### Problem statement
Using the data below, print exactly the line with "Salted Texas Chocolate", the line with "St. Joseph's Day Wishes Poster", and every line between them, but none of the pictures.

### Source data
# # # #

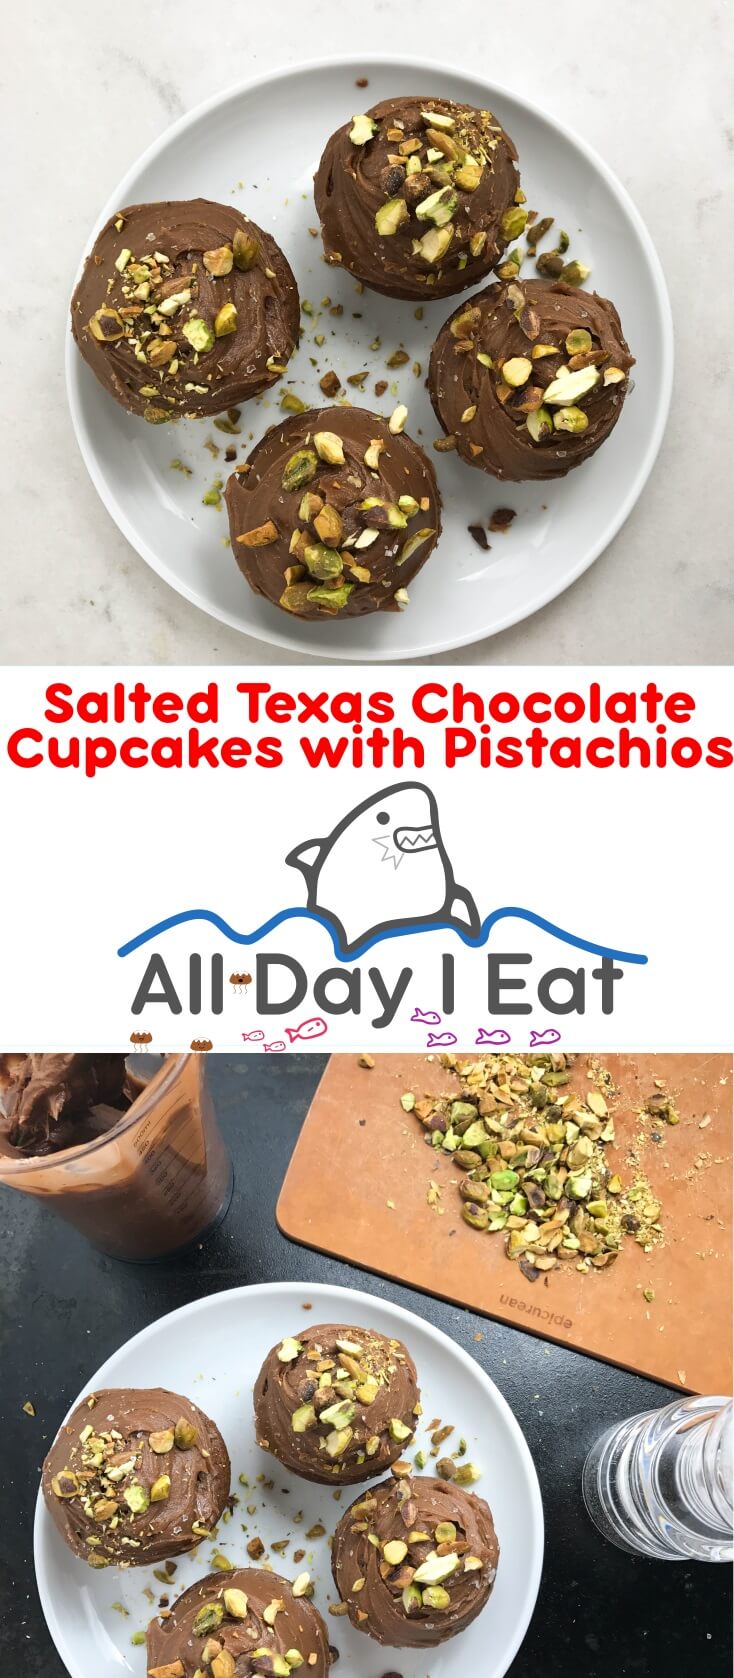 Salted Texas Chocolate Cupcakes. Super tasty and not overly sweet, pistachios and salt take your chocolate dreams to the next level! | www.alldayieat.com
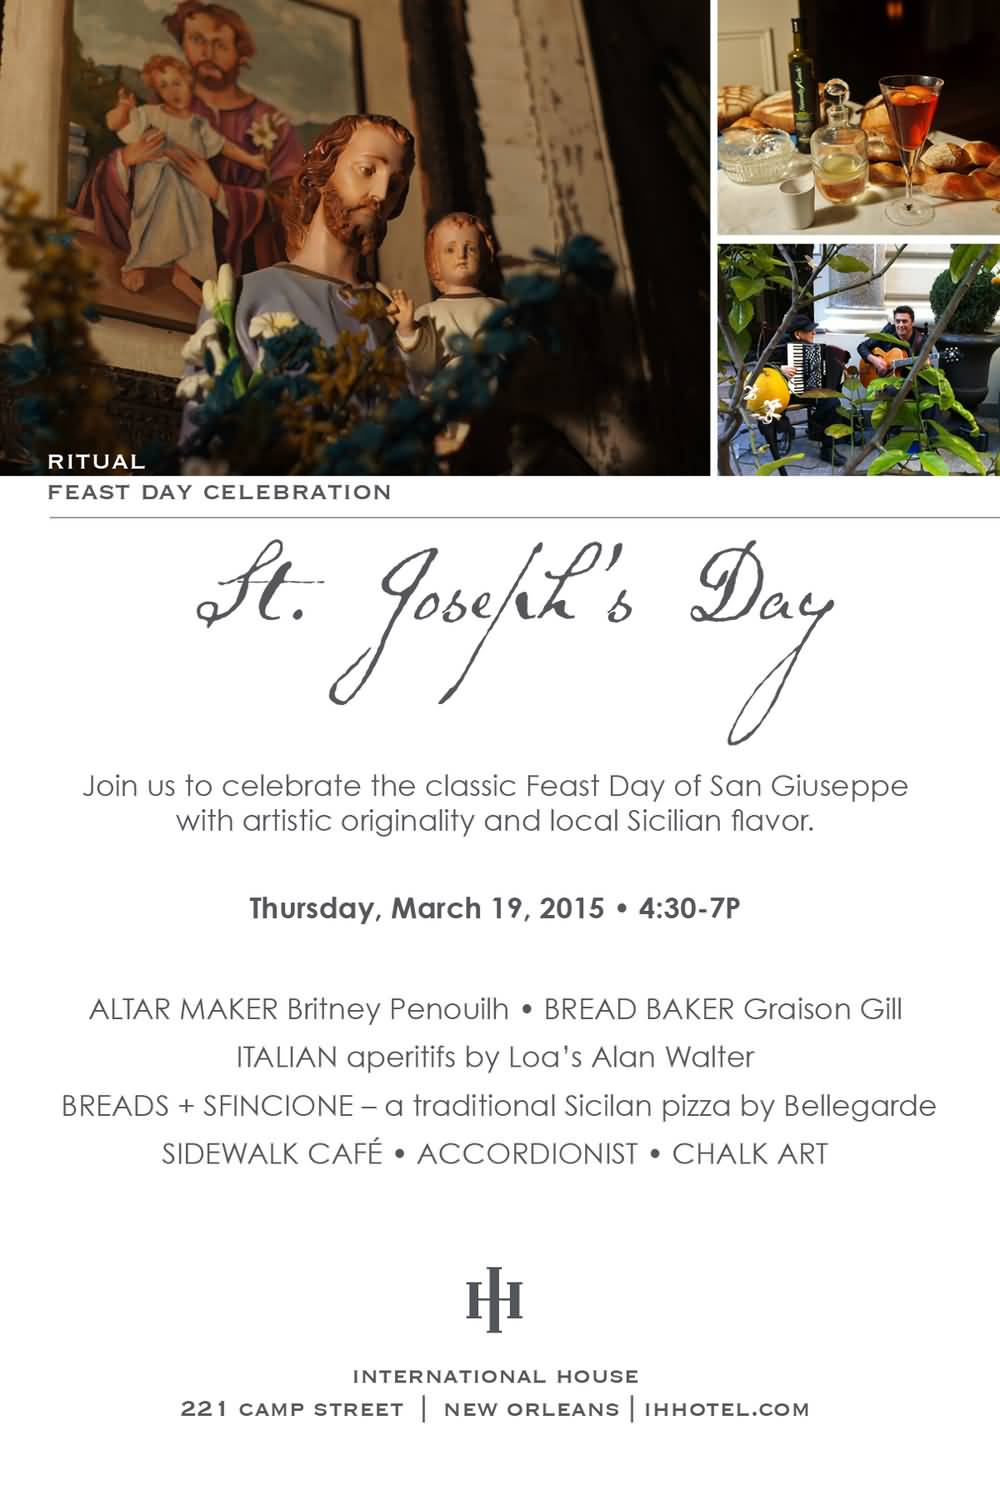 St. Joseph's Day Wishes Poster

# # # #

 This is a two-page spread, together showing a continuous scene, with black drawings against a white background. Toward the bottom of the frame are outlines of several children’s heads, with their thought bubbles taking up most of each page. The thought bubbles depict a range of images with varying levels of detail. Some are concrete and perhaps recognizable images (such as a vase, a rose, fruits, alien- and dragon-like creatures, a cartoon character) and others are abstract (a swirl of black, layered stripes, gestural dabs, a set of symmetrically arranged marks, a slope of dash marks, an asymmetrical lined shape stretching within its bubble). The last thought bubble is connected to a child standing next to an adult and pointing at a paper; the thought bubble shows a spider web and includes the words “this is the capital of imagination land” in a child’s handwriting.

# # # #

### Your solution
 Salted Texas Chocolate Cupcakes. Super tasty and not overly sweet, pistachios and salt take your chocolate dreams to the next level! | www.alldayieat.com
 St. Joseph's Day Wishes Poster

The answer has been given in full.